Regard naturaliste : l'oreillard gris
Cet été, la rédaction vous partage l'un des articles du magazine Natagora de juillet-août et met en lumière la rubrique "Regard naturaliste", avec un focus sur l'oreillard gris. Où le trouver ? Comment l'identifier ? Quelles sont ses particularités ? Découvrez-en davantage sur cette espèce indigène grâce à ce contenu rédigé par l'équipe Plecotus, le pôle chauves-souris de l'association.
L’oreillard gris (Plecotus austriacus) est une chauve-souris de taille moyenne. Typique des milieux ouverts, elle gîte et chasse dans les villages. Adepte du vol stationnaire et du glanage des proies immobiles sur le feuillage, il dupe les insectes avec son sonar particulier.
Comment l’identifier ?
Caractérisé par ses grandes oreilles, lui ayant valu son nom, l’oreillard gris présente un museau allongé avec des protubérances peu marquées et de grands yeux. Son pelage dorsal est gris et celui du ventre, bien démarqué, est plus clair.
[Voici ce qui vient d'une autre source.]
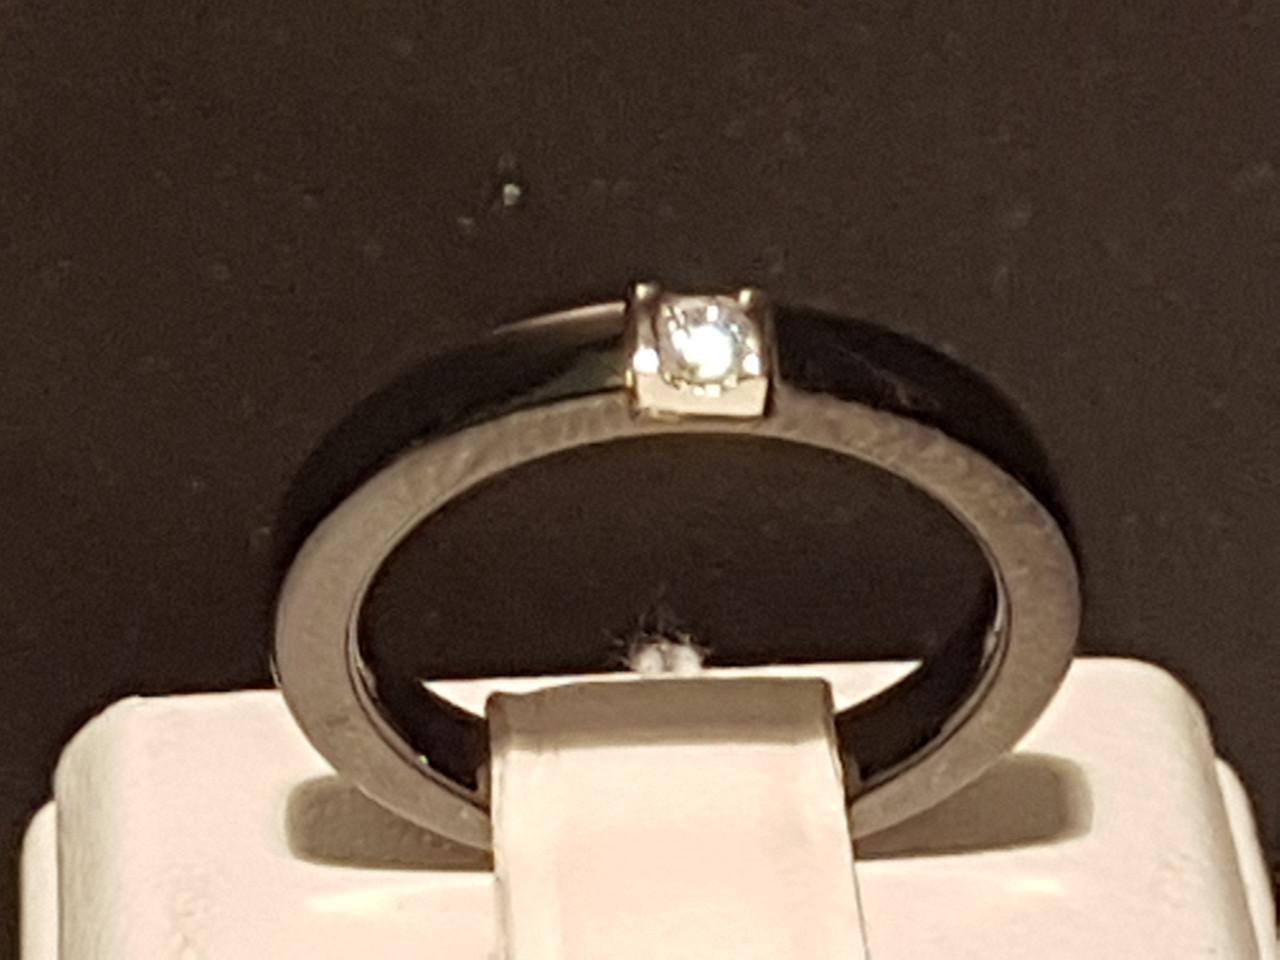 Серебряное кольцо с керамикой и фианитами. Артикул К2ФК/1008 17,1

En hiver, ses oreilles sont repliées sous ses ailes, laissant apparaître uniquement les tragus, c.-à-d. l'appendice de peau à l'entrée du pavillon auditif qui contribue à la localisation du son.
Attention à ne pas la confondre
Une autre espèce d’oreillard est présente en Belgique : l’oreillard roux (Plecotus auritus) a un pelage brun, il présente des protubérances plus prononcées autour des narines et des yeux. Son museau est plus arrondi. La taille des pouces et de la griffe est plus grande. Il vit également dans des milieux plus fermés. La différence en acoustique se joue sur les signaux les plus courts et les plus longs.
Les difficultés de l'identification
De nombreux critères d’identification sont utilisés chez les chiroptères, allant de la taille du pouce à la structure dentaire, en passant par la forme du pénis. Ces caractéristiques sont pertinentes lors de l’examen d’un individu en main, bien qu’elles nécessitent parfois l’usage d’une loupe. En hiver, l’identification repose alors sur d’autres critères tels que la forme du corps, la couleur du pelage ou encore la taille des pieds. En règle générale, il est essentiel de s’appuyer sur un ensemble de critères concordants plutôt que sur un seul élément isolé.
Parmi toutes les méthodes, l’acoustique demeure la moins intrusive. Cependant, l’analyse des ultrasons représente un véritable défi pour l’identification des oreillards, qui savent se montrer particulièrement discrets. Qualifiés de “murmurants”, ils échappent ainsi facilement à la détection.
Où le trouver ?
Présent partout en Wallonie, il fréquente les villages, les bocages et les milieux forestiers. En été, il loge dans les combles chauds (églises, châteaux, granges), les fissures étroites et les charpentes. Des résidus d’ailes de papillons dilacérés témoignent souvent de sa présence. En hiver, il se réfugie dans des caves, des bâtiments ou dans des cavités arboricoles ou souterraines.

Un sonar particulier contre la riposte des insectes
Le régime des oreillards est essentiellement composé de papillons de nuit qui ont la particularité d’être dotés d’organes tympaniques leur permettant de détecter les ultrasons. Les oreillards ont, à leur tour, développé une technique de chasse adaptée qui leur permet néanmoins de ne pas se faire repérer. Pour se déplacer, ils émettent des ultrasons à très faible intensité, afin de contourner la défense des lépidoptères “tympanés”, qui ne réagissent qu'à partir d’un certain seuil sonore. Pour chasser, une fois arrivé près de sa proie, il reste silencieux, coupant son sonar au profit de ses grandes oreilles et de ses grands yeux.
Leurs signaux, émis par le nez, présentent deux pics d’énergie distincts dans un même cri, un sur la fondamentale et un sur la première harmonique. Ceci pourrait affiner la perception du relief et compenser la faible largeur de bande. Contrairement au modèle classique selon lequel une chauve-souris volant en milieu encombré balaie une grande gamme de fréquences, dite largeur de bande, pour améliorer la précision, les oreillards — bien qu’ils chassent énormément dans le feuillage — émettent sur une faible largeur de bande.

Plus surprenant encore : plus le milieu est dense, plus les oreillards émettent sur une largeur de bande étroite. Cette stratégie se retrouve aussi chez les rhinolophes et les barbastelles, tous spécialistes des proies “tympanées”. Cela n’éveillerait pas le système d’alerte des insectes, empêchant toute fuite.